Neutropenia, febrile neutropenia, and dehydration were the most common serious adverse events in all groups, but the event rate was low (1% to 2%) and not measurably different among treatment groups.

They noted that “a higher proportion of patients who received cisplatin plus vinorelbine or cisplatin plus etoposide as part of their chemotherapeutic regimen in addition to casopitant mesylate had grade 4 neutropenia.

“Casopitant mesylate is a moderate inhibitor of CYP3A, and vinorelbine and etoposide are metabolized by CYP3A; thus, co-administration of these agents might have resulted in higher levels of the chemotherapeutic agents, which, in turn, might have produced a greater incidence of grade 4 neutropenia.”

The authors noted that while the trial was underway, several consensus guidelines for highly emetogenic chemotherapy were updated to include dexamethasone and aprepitant (Emend), an FDA-approved neurokinin 1-receptor antagonist marketed by Merck.

But they chose not to use aprepitant as part of the two-drug background therapy because “use of an NK1-receptor antagonist was not standard practice at the time of enrollment or the time of reporting.

The authors concluded that the data demonstrated both safety and efficacy for casopitant.

Moreover, they said that that to “our knowledge, this is the first report of a randomized phase III trial demonstrating the significant efficacy of a single oral dose of an NK1-receptor antagonist in the prevention of [chemotherapy- induced nausea and vomiting] for a full five days after [highly emetogenic chemotherapy].”

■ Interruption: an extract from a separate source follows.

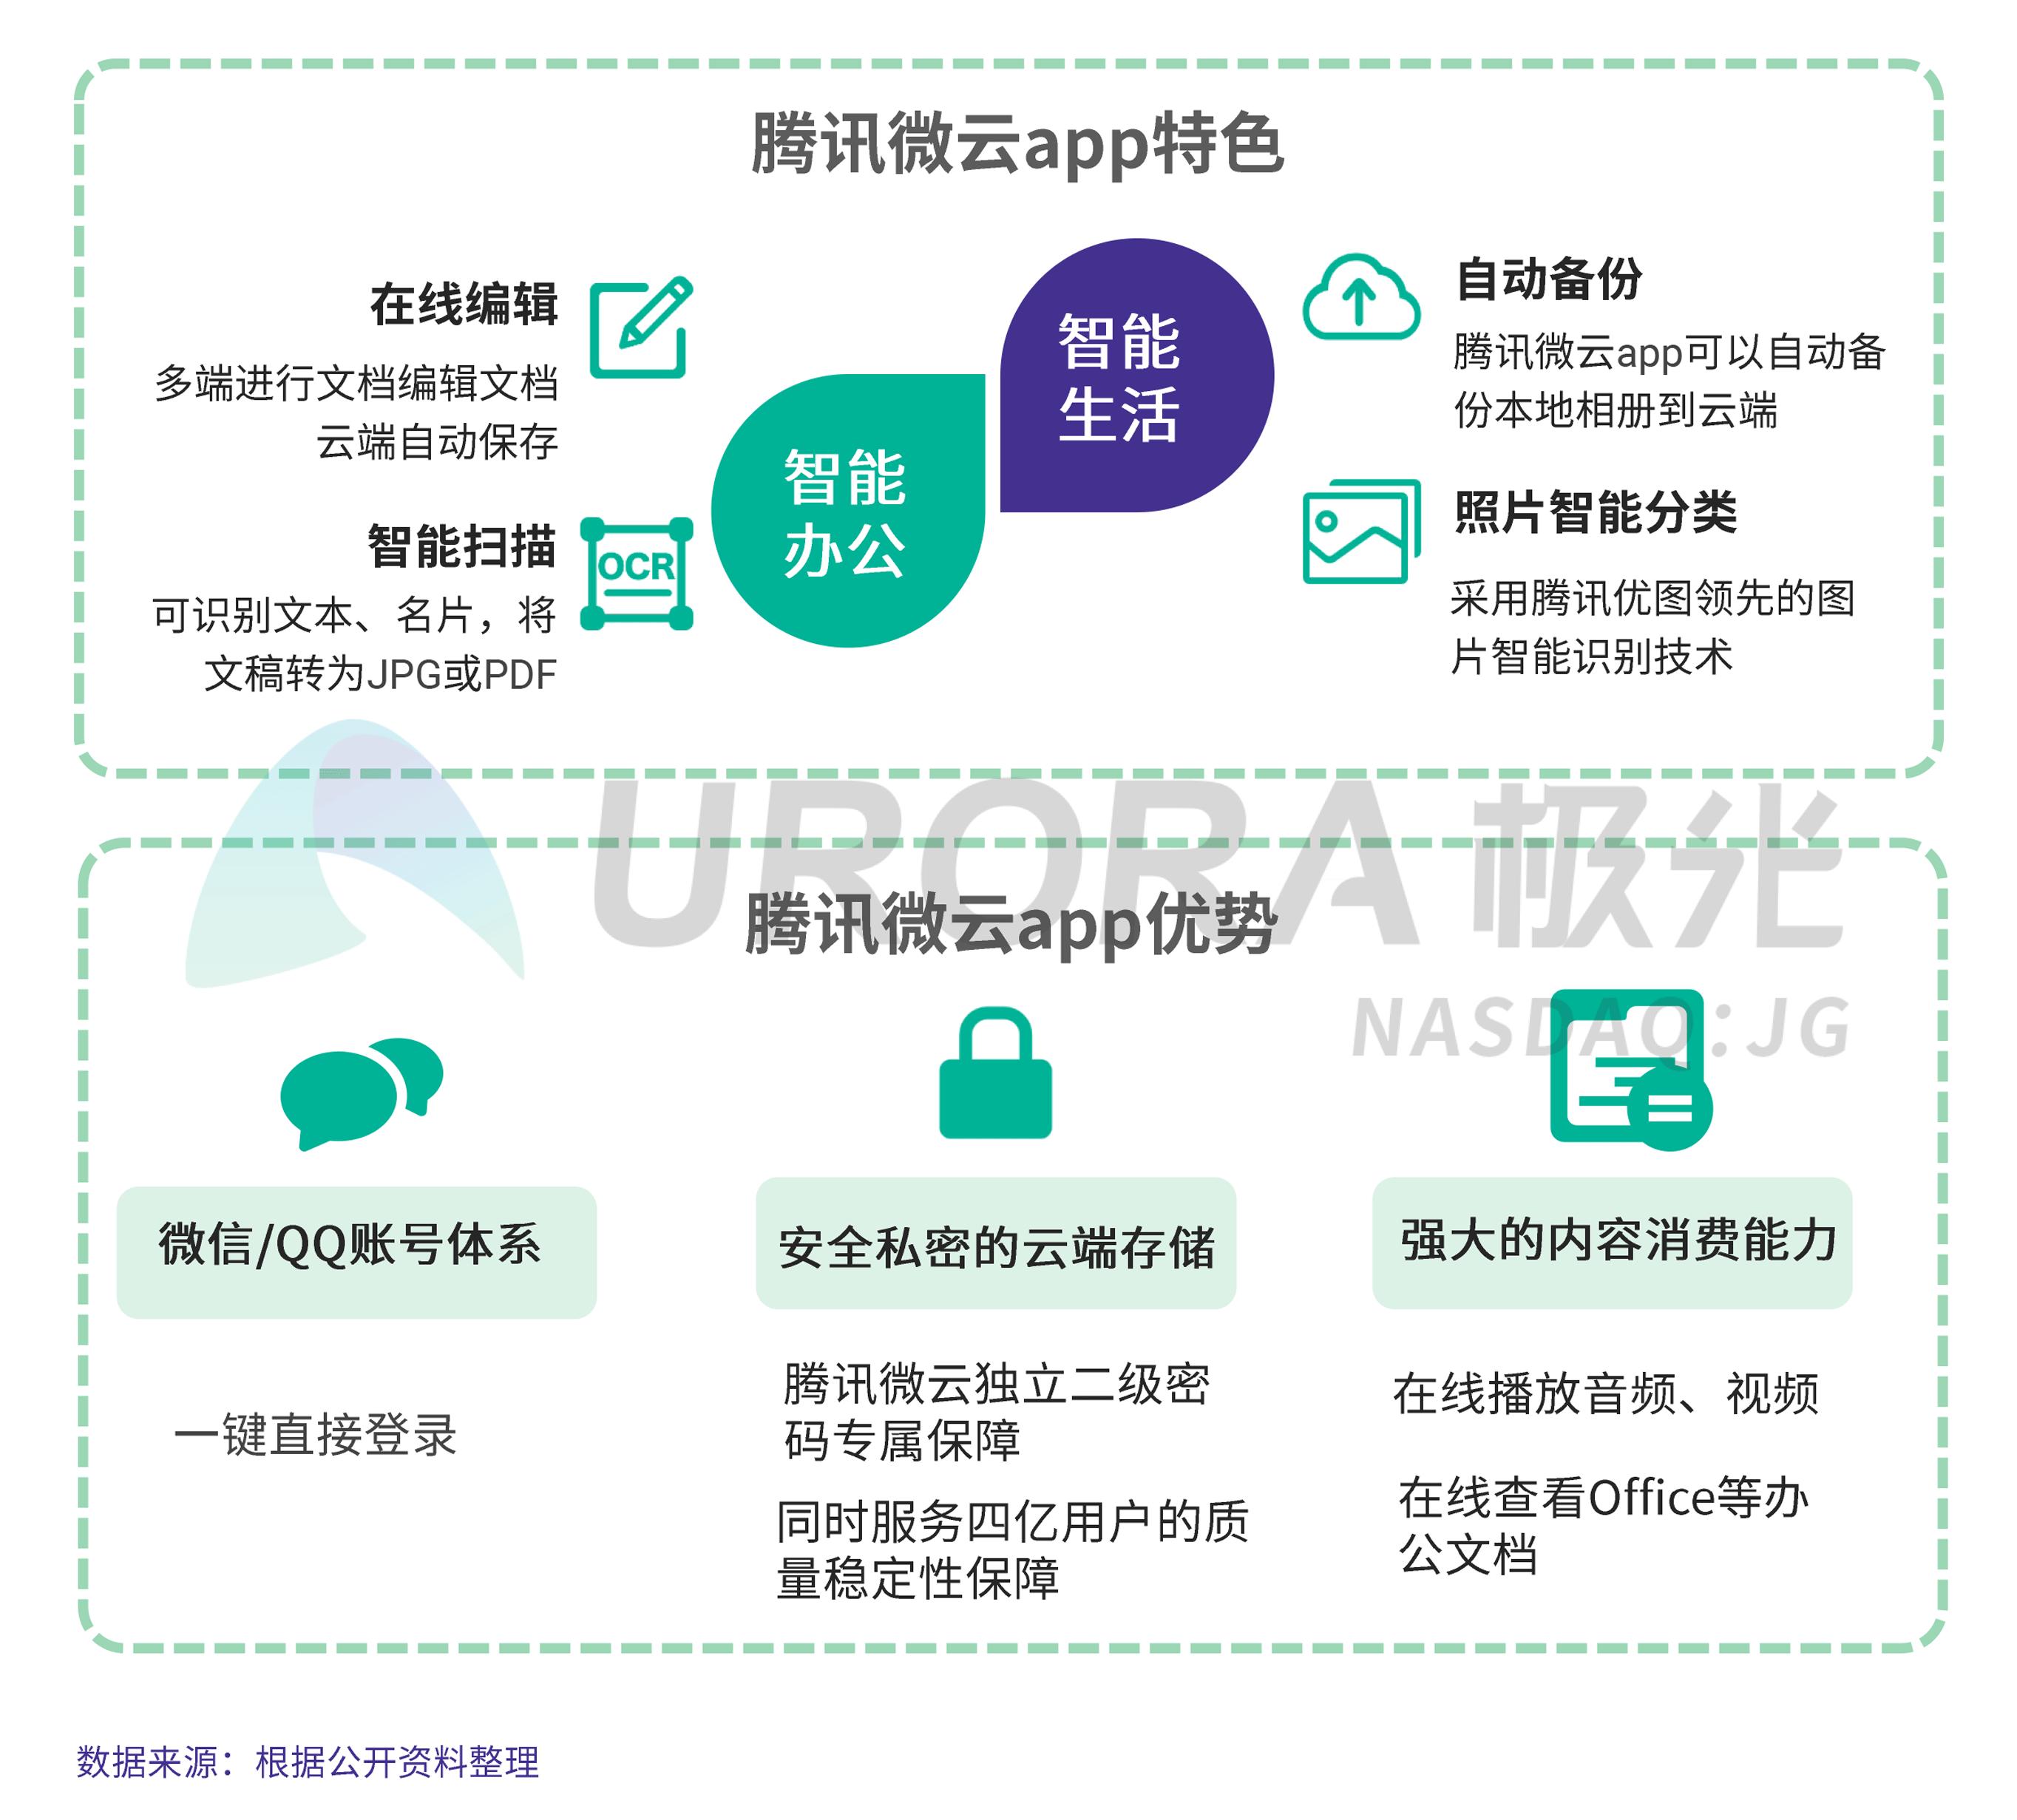 JIGUANG-个人网盘行业研究报告-final---切图版2-29.png

Dr. Grunberg disclosed that he is a consultant for GlaxoSmithKline, Merck, Helsinn, and Schering, owns stock in Schering and has received honoraria and research funds from Merck. Senior author Jørn Herrstedt, M.D., of Odense University Hospital in Odense, in Denmark said he is a consultant for GlaxoSmithKline, Helsinn, and Schering, and has received research funds from Merck. Five of the trial’s co-authors are employees of GlaxoSmithKline and own stock in the company. The study was funded by GlaxoSmithKline and, as sponsor, GlaxoSmithKline collaborated with Drs. Grunberg Herrstedt, M.D., on the trial design. The study data were collected by the trial’s clinical investigators and trial conduct was monitored by GlaxoSmithKline. The statistical analysis was done by GlaxoSmithKline, according to a predefined plan approved by Drs. Grunberg and Herrstedt, with periodic reports to a data safety monitoring board. The published manuscript “was developed with full author participation and assistance from a medical writer.”

Primary source: The Lancet Oncology

Source reference:

Grunberg, SM et al “Efficacy and safety of casopitant mesylate, a neurokinin 1 (NK1)-receptor antagonist, in prevention of chemotherapy-induced nausea and vomiting in patients receiving cisplatin-based highly emetogenic chemotherapy: a randomised, double-blind, placebo-controlled trial” Lancet 2009; DOI:10.1016/S1470-2045(09)70109-3.